Lunglai


“Sebagian rasa yang sangat gila dengan cinta takkan lagi terjatah luka” 

Butuh banyak air mata dan darah untuk sekadar mencintaimu. Bumi ini telah tua dan hasratku tetap muda. Ingin jiwaku berhenti berlari; ingin napasku berhenti memompa; ingin segala tentangmu terseret ombak dan sirna. Namun separuh hatiku kau bawa bersama kepingan jiwa. 

Angin telah menjadi badai; ingin telah menjadi helai. Meski sampai saat ini aku tak pernah paham tentangmu dan rasaku, kau tetap bintang yang kutunggu jatuh menimpaku. Lalu aku yang telah menjadi tanah kelak bisa mengerti bahwa sabar memang seharusnya tak diberi batas. 


  Cabik 

 “Yang saling membenci itulah yang saling mencintai.” 

Setiap hari bersama waktu yang kejam aku mulai melukis dengan darah.

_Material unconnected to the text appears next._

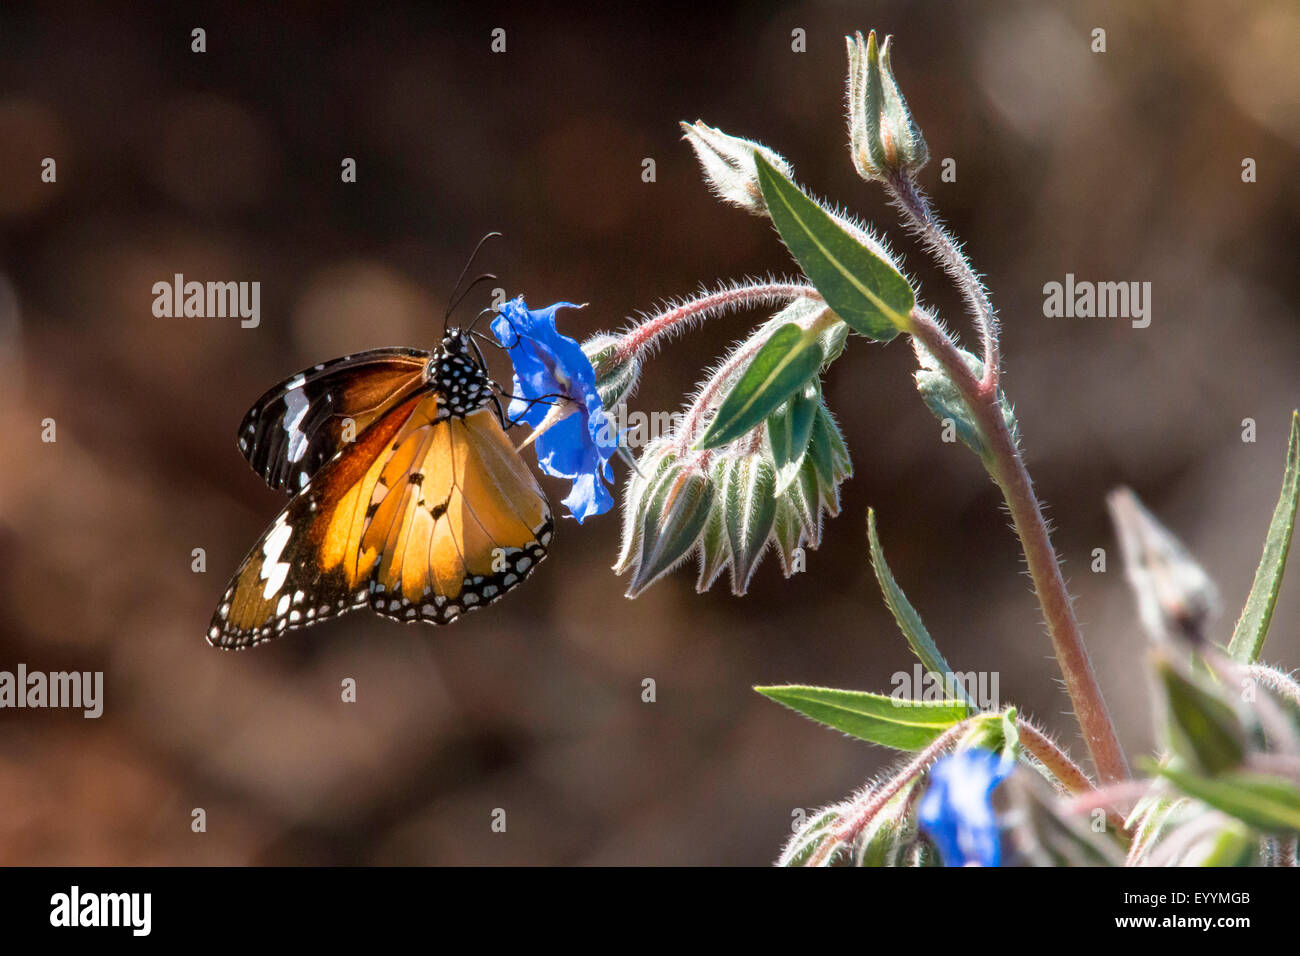 L'asclépiade, papillon monarque (Danaus plexippus), Papillon monarque introduit en Australie, l'Australie, Australie occidentale, Tom Price Banque D'Images

Dengan hati yang menjadi kanvas dan air mata yang berubah warna. Amarahmu yang menjelma kuas mencabik – cabik angkasa dan sedihmu mengeringkan warna yang tercipta. Hasilnya, terciptalah maha karya indah yang berkisahkan tentang cinta dan luka yang saling berpelukan. Mengertilah, kita sama – sama pembenci yang mengharapkan matahari. Sebelum datang umpatan dan senandung indah dari mulut masing – masing, kita diam – diam saling menyendiri; berdoa dan berkarya dengan hati. Di dasar hati yang paling dalam: kita saling mencintai.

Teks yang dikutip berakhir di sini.